Fluence field design for VOI imaging using MAD-based dynamic filtration follows two goals: (1) seek maximum (relative) exposures within the VOI region while limiting exposure outside the VOI and (2) constrain minimum fluence within VOI projections to be higher than a threshold $f_{\min }$ (i.e., to maintain data fidelity at the edge of the VOI). A calibration of all possible MAD-based fluence patterns is acquired through an exhaustive sweep of absolute and relative MAD translations to form a look-up table relating MAD positions and corresponding fluence patterns. We denote $f(u;t_0,t_1)$ as the lateral transmissivity profile of the dual-MAD filters with individual MAD0 and MAD1 filter positions labeled $t_0$ and $(t_1+t_0)$, respectively. Note that $t_1$ represents a shift of MAD1 relative to MAD0. Due to the periodic nature of MAD structure, the modulated fluence patterns change periodically over relative displacement approximately equal to the pitch of the MADs. For simplicity, only one period is measured in the calibration process.

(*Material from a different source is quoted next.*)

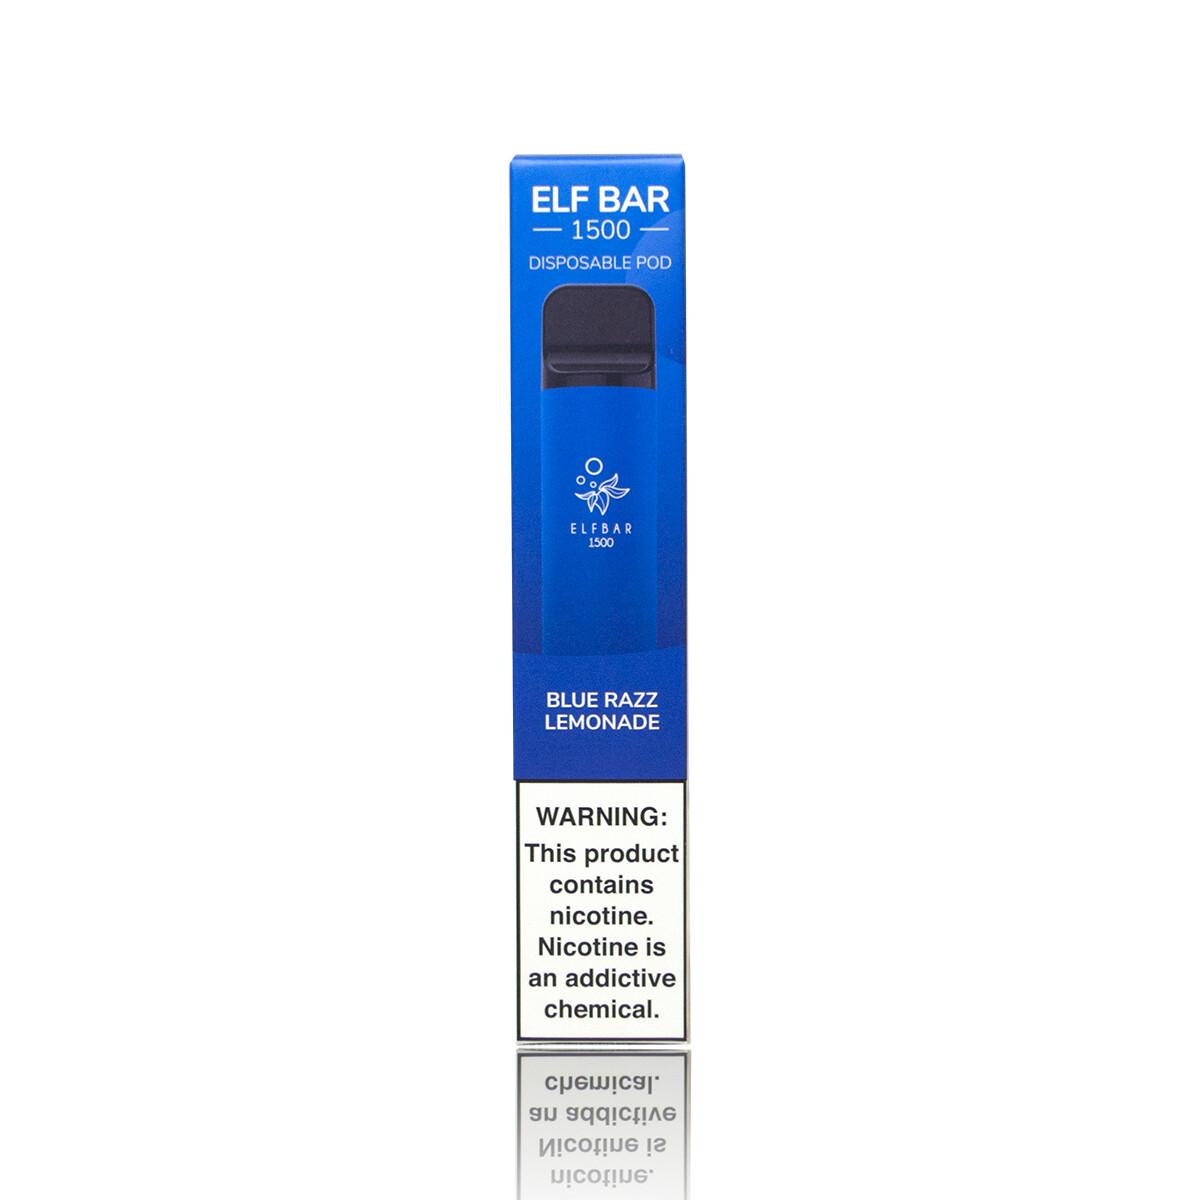 ELF BAR 1500: BLUE RAZZ LEMONADE

A coarse optimization of MAD positions for each view by simply matching center position and fluence width to find approximate fits. From the fluence modulation calibration $f(u;t_0,t_1)$, we may write

$$w_{\mathrm{MAD}}(t_0,t_1)=\sum _u\mathbb{1}\{f(u;t_0,t_1)>f_{\min }\},$$ (3)

$$u_{\mathrm{MAD}}^{\mathrm{center}}(t_0,t_1)=\frac{\sum \{u|f(u;t_0,t_1)>f_{\min }\}}{w_{\mathrm{MAD}}(t_0,t_1)},$$ (4)

where $f_{\min }$ denotes the minimum required transmissivity. While one could potentially use these metrics directly in the optimization, such fitting discounts the particular shape of the beam profile. However, these metrics do provide a good guide for candidate positions. For example, for each projection, a set of actuations $(t_0,t_1)$ “close” to these candidate positions may be specified where the filtered fluence approximately matches center and width:

$${\tilde{\mathcal{T}}}_{\theta }=\{(t_0,t_1)\Vert u_{\mathrm{MAD}}^{\text{center}}(t_0,t_1)-u_{\mathrm{VOI}}^{\text{center}}(\theta )|<u_{\mathrm{th}}^{\text{center}}\}\cap \{(t_0,t_1\}|W_{\mathrm{MAD}}(t_0,t_1)>w_{\mathrm{VOI}}(\theta )\}.$$ (5)

where $u_{\mathrm{th}}^{\text{center}}$ is a threshold to constrain filtration center deviation from the desired center. We may then constrain our optimization to solutions close to this coarse optimization improving robustness of design. In our physical experiments, we select $f_{\min }=0.1$ and $u_{\mathrm{th}}^{\text{center}}=10$ pixels empirically.

In particular, we pose the optimization problem as

$$({\widehat{t}}_0,{\widehat{t}}_1)(\theta )=\arg \underset{(t_0,t_1)\in {\mathcal{T}}_{\theta }}{\max }\frac{\sum _{u\in \{u_{\mathrm{VOI}}\}(\theta )}f(u;t_0,t_1)}{\sum _{u}f(u;t_0,t_1)},$$ (6)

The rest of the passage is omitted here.